Interrogating Ethnography: Why Evidence Matters
- Author: Steven Lubet
- Language: English
- Published: 2017
- Publisher: Oxford University Press
- ISBN: 978-0-19-065567-9 (Hardcover)

= Interrogating Ethnography =

Book on Discipline of Ethnography

Interrogating Ethnography: Why Evidence Matters is a 2017 book by Steven Lubet of Northwestern University Law School, critiquing methods used in the discipline of ethnography. Writing in Contexts, Syid Ali of Long Island University called it "an essential critique of the most public-facing product sociology has to offer."

Interrogating Ethnography, which criticizes ethnographers for the practice of changing the name of the area they study, is part of the Replication crisis. But it is largely a critique of ethnography methodology when it relies on the narratives of interviewees with no attempt to verify assertions of fact.

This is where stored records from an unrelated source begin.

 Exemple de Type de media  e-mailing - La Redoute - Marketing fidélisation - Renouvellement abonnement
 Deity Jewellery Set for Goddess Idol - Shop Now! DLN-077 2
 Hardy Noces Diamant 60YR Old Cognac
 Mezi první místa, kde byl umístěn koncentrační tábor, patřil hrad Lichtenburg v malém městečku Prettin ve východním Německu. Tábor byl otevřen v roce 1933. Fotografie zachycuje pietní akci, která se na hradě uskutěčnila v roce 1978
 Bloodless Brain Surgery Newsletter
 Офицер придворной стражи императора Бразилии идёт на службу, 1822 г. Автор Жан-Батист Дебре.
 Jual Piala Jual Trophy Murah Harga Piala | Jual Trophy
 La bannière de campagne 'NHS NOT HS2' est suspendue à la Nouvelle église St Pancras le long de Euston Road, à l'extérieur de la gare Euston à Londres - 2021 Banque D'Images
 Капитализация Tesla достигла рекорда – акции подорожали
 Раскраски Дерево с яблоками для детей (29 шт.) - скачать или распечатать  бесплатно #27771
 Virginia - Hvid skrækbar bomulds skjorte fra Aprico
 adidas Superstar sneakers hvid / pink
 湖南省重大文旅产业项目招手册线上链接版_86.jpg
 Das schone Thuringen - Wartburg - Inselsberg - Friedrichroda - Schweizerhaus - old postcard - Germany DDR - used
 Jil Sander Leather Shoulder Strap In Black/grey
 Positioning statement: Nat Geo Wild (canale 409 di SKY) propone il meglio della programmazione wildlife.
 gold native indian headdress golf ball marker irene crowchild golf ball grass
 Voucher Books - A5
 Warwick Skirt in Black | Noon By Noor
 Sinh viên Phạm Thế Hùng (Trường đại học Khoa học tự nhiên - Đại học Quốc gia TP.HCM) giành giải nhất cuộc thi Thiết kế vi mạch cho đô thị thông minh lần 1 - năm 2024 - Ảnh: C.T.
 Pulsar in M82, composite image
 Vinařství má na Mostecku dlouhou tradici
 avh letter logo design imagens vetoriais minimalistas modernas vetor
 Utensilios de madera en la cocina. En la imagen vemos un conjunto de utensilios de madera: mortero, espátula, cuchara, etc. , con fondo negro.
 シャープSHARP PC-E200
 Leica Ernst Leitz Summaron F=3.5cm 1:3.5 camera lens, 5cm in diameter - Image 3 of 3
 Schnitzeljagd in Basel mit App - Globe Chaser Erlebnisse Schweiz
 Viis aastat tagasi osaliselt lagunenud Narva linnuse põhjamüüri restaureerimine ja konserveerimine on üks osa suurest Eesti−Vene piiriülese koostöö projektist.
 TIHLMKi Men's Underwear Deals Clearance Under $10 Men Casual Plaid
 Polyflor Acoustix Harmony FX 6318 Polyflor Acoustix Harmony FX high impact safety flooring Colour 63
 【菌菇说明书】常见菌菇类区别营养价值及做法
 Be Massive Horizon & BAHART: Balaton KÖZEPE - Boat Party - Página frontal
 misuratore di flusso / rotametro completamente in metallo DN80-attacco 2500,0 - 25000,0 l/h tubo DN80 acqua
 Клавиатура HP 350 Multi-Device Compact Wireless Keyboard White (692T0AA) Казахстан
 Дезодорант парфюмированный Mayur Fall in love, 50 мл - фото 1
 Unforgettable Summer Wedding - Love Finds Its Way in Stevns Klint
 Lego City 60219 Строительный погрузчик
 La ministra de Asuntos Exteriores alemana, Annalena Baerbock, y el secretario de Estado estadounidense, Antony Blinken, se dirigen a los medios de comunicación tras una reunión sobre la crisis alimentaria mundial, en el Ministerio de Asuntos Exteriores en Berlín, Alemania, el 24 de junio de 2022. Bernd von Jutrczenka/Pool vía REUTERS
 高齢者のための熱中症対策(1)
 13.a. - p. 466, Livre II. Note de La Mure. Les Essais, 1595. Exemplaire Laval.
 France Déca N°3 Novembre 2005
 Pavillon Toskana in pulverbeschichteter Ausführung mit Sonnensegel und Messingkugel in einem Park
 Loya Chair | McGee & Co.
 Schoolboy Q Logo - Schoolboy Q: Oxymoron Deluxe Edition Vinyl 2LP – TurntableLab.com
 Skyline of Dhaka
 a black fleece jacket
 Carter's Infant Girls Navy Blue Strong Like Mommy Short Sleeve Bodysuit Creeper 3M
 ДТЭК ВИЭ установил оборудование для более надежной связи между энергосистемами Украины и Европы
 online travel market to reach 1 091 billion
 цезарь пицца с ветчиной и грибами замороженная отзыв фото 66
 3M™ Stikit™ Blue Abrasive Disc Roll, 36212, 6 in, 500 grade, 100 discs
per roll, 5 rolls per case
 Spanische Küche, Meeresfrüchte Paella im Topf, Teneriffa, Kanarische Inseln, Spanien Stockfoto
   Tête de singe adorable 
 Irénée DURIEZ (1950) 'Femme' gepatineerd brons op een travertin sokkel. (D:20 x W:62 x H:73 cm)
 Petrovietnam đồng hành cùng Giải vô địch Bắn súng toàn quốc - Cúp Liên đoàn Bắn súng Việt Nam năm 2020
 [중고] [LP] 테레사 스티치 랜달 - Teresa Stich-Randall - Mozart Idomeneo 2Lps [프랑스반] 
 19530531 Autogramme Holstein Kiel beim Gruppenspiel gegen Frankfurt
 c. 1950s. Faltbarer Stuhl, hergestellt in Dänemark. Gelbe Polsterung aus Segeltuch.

Lubet began the project of writing this book after reading and publishing a notable critique of the use of evidence Alice Goffman's controversial 2014 book On the Run: Fugitive Life in an American City, That critique led him to read and attempt to verify "more than 50 ethnographic monographs and an equivalent number of articles. Focusing on sociologists’ studies of American cities... (and checking) facts that could be documented — or not... by consulting experts and pulling public records."

According to the Chronicle of Higher Education, the book "has touched off a debate about what ethnographers might learn from legal scholars, and vice versa.

The book's reception by ethnographers has been mixed.